John Hollis Flatline Compressor

Not much has been said about the circuit from the creator who just simply links to the schematic on his website, but here is a great descriptions from Floris:

The Flatline compressor is basically a non-inverting amplifier around a opamp. The optocoupler together with the gain resistors determine the total gain of the circuit. The idea of the compressor is to have some gain (typically 20x) when there is no or a soft signal present and to have a unity gain when a large signal is present. So in the guitar attack phase (a large signal) , there is (almost) no gain and in the release phase, the gain increases to 20x while the guitar signal is fading out. This gives the impression of a compressed sound => Less volume dynamics. It also increases the noise level with 20x (=26dB) which is not so nice but inherent to this design.
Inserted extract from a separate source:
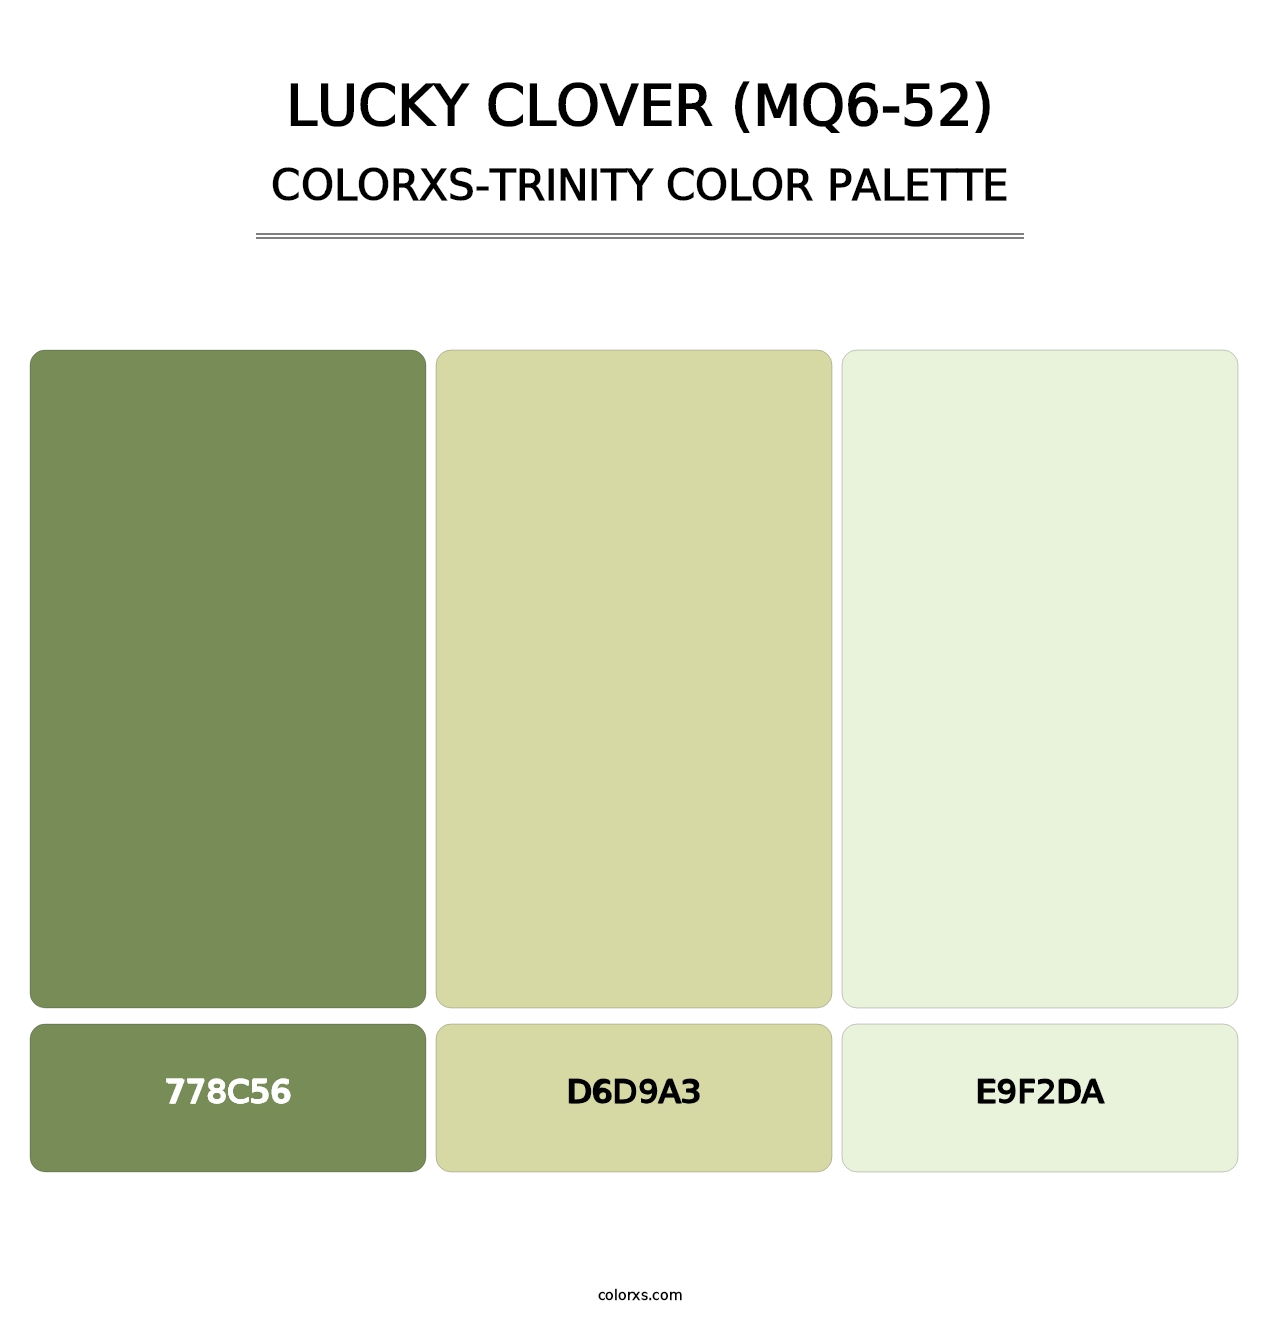 Lucky Clover (MQ6-52) - Colorxs Trinity Palette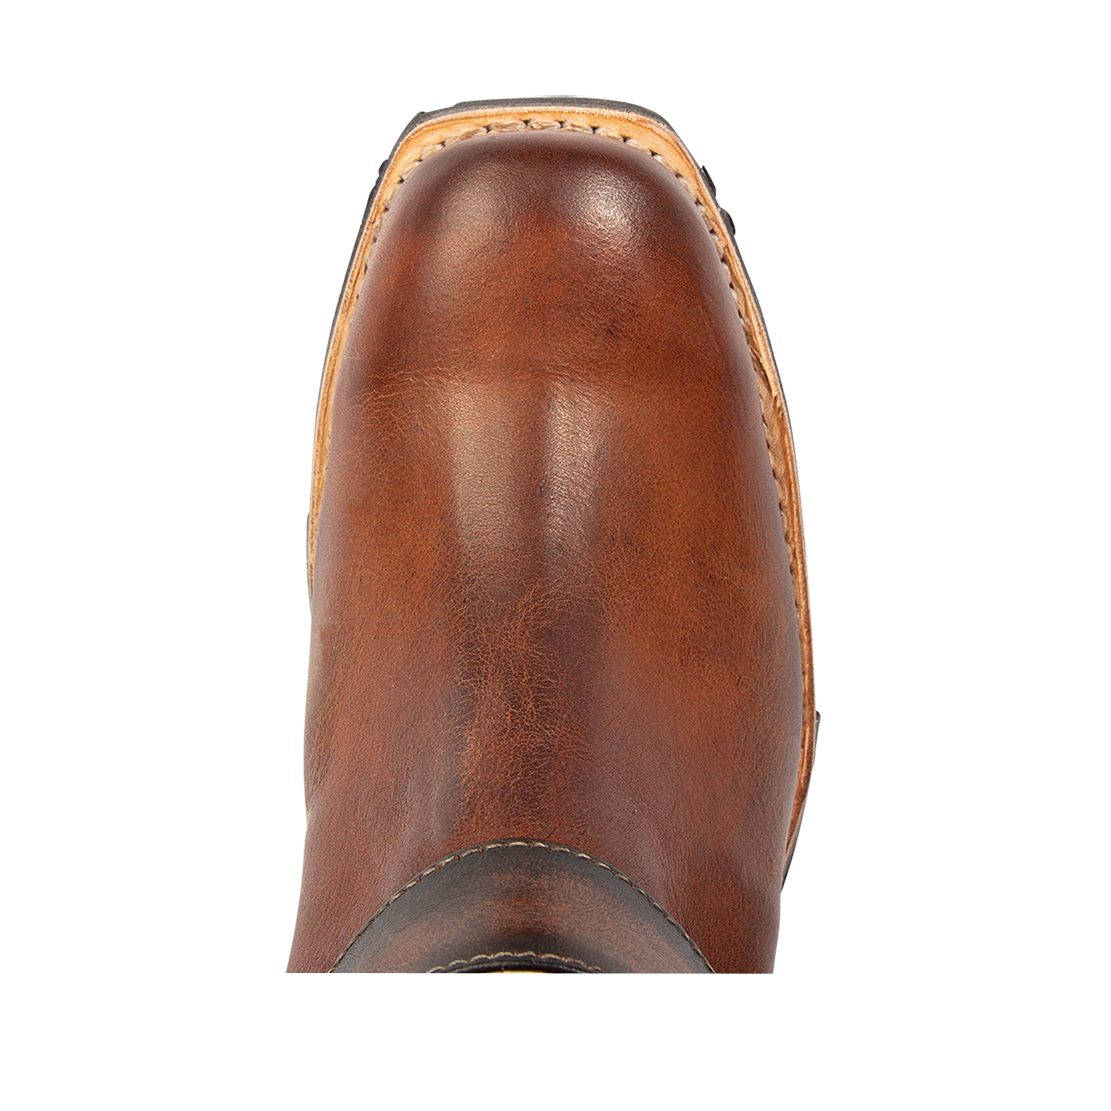 Top view showing square toe on FREEBIRD women's Wagner cognac tall moto boot

There is a "sustain" pot that is used, as part of the gain resistors, to change the gain difference (=gain ratio) between loud and soft signals. With minimum sustain, the gain ratio is about 3x. With maximum sustain, the gain ratio is about 20x. 

You can find a lot more information about the circuit on Floris's website.


As an option you could replace the 47K resistor with a pot to give you a "Sensitivity" control.

20 comments:

  1. The two boards are not identical. The furthest link on the far right side is in a different column. I assume the populated board is correct?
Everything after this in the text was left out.